*EXERCISE OBJECTIVE*: Once the line with "Comprised of several" is found in the data, output it and each following line exactly, up to and including the line with "The length of", and nothing before or after.

*GIVEN INFORMATION*:

══════

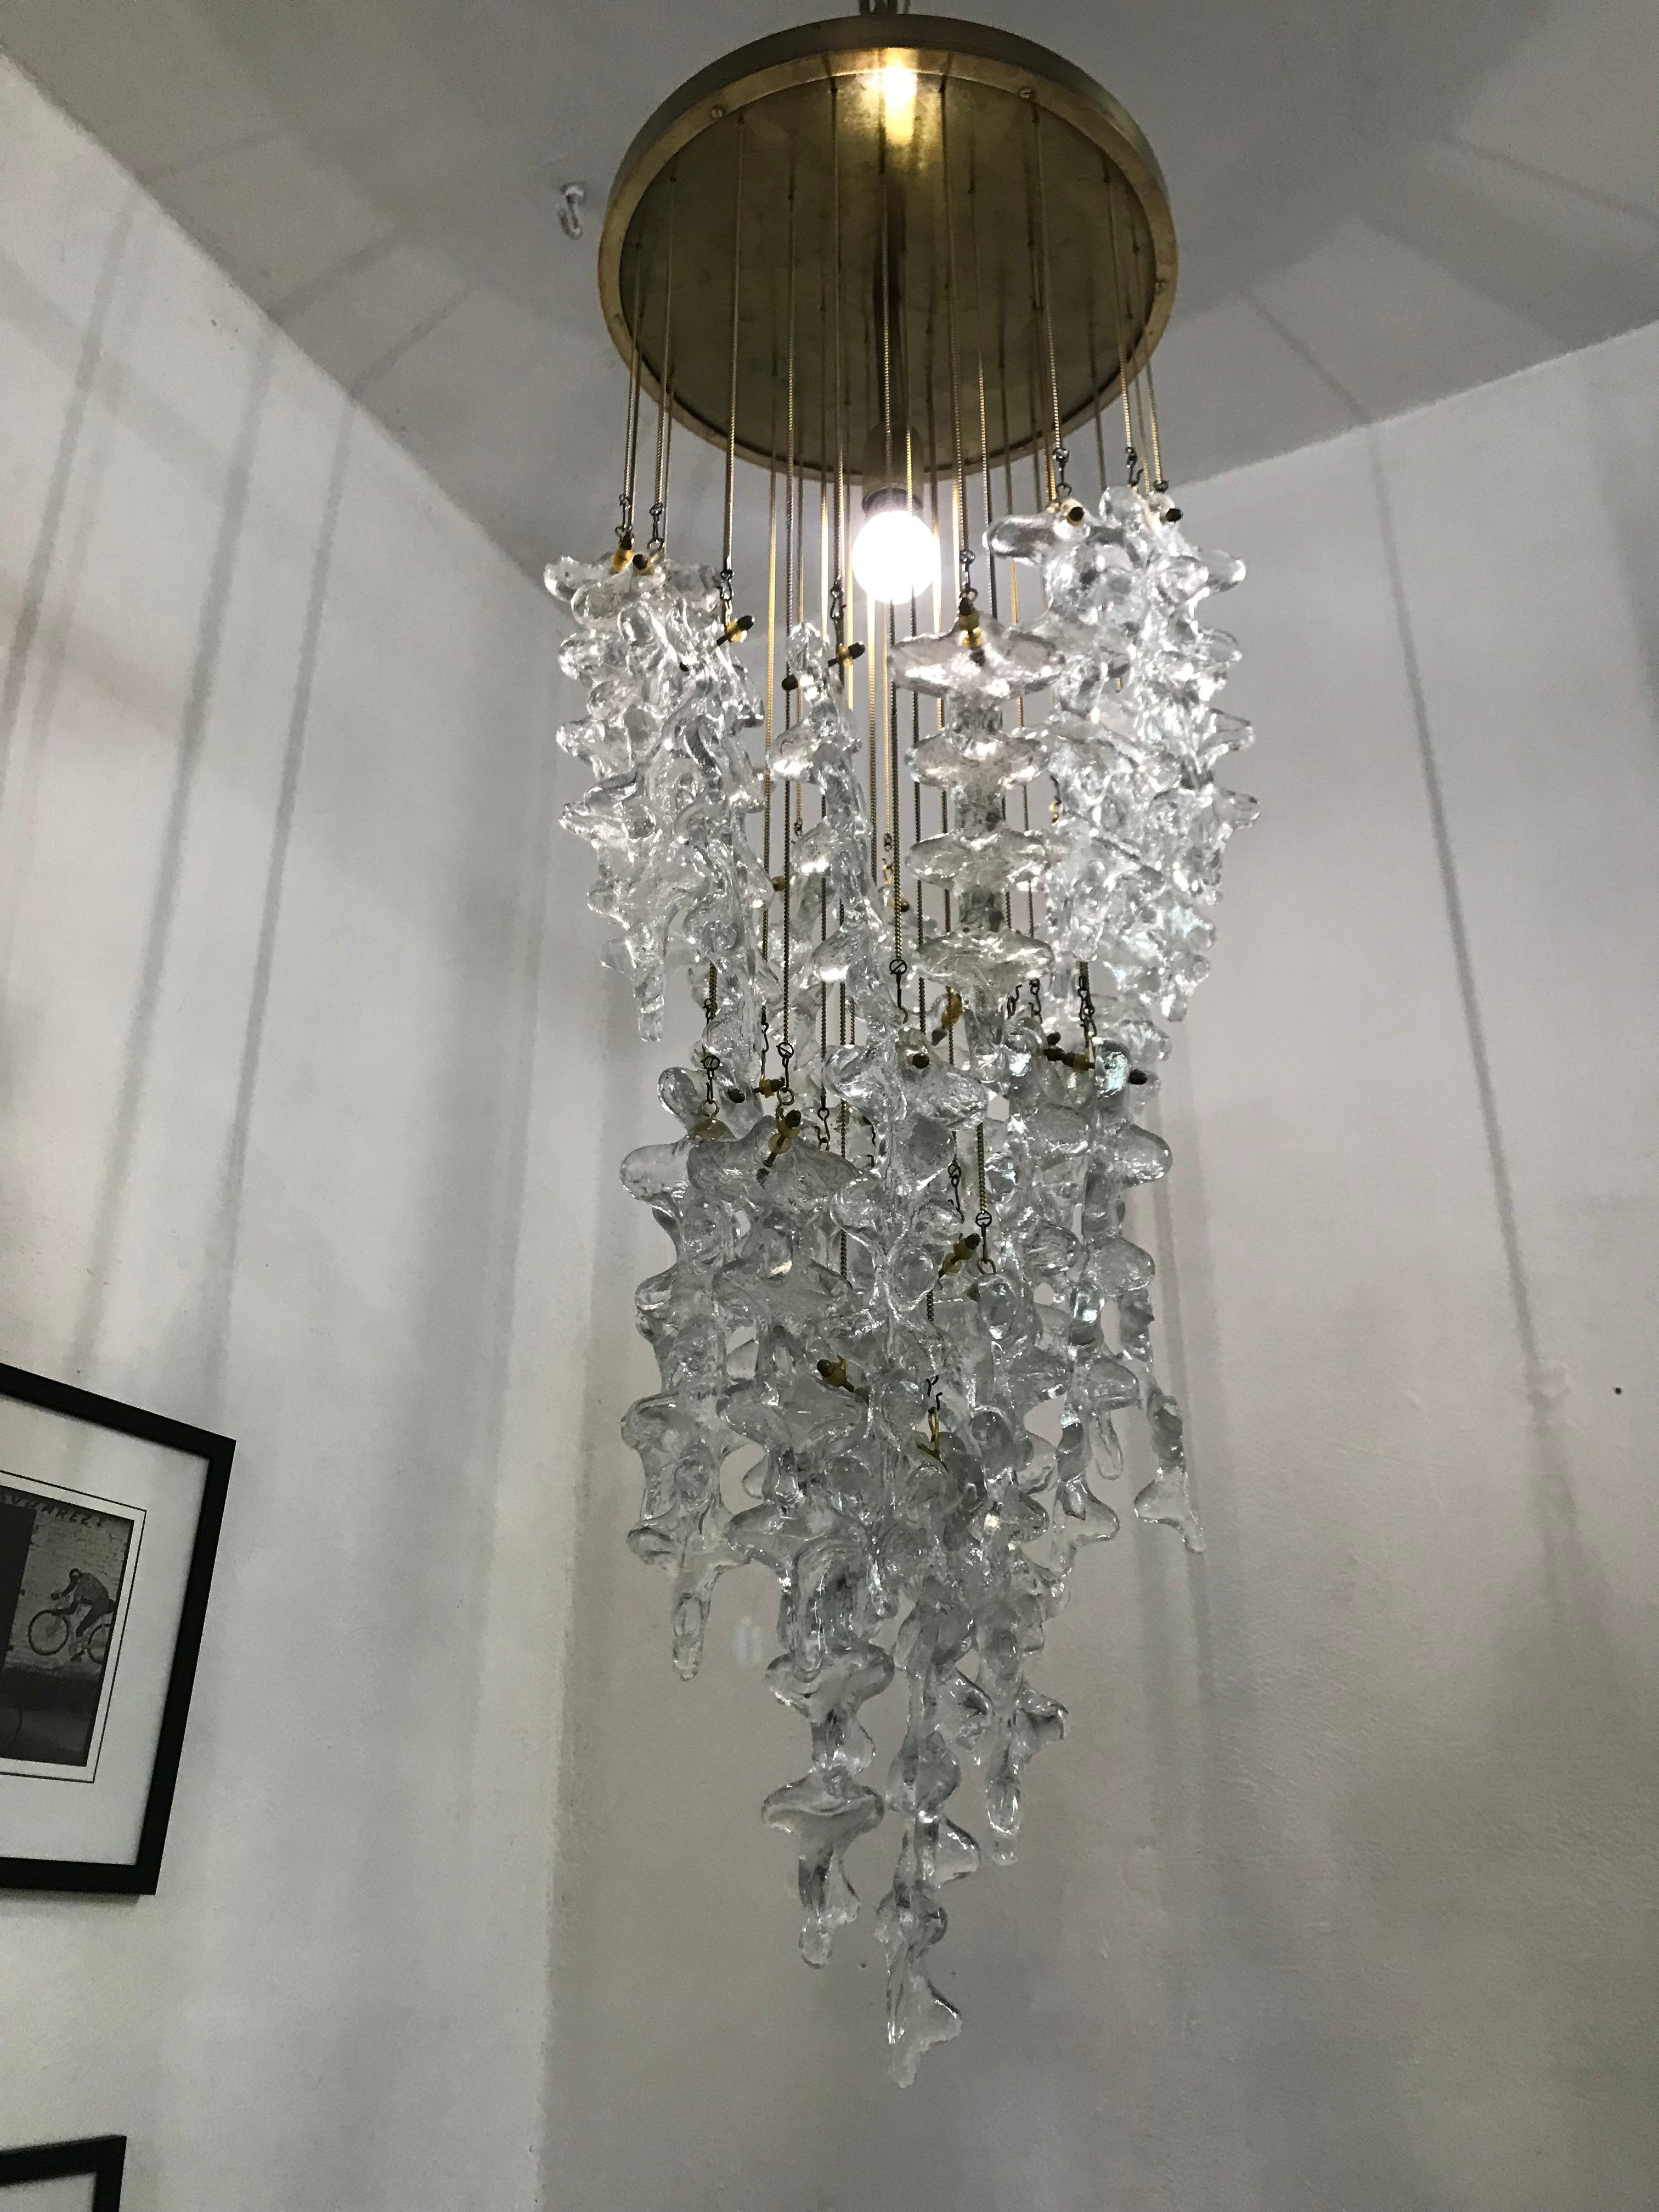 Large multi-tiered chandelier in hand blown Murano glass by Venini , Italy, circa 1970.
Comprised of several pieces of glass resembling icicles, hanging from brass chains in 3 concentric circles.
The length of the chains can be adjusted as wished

══════

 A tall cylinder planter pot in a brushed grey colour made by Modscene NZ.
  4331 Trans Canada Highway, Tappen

══════

*EXERCISE ANSWER*:
Comprised of several pieces of glass resembling icicles, hanging from brass chains in 3 concentric circles.
The length of the chains can be adjusted as wished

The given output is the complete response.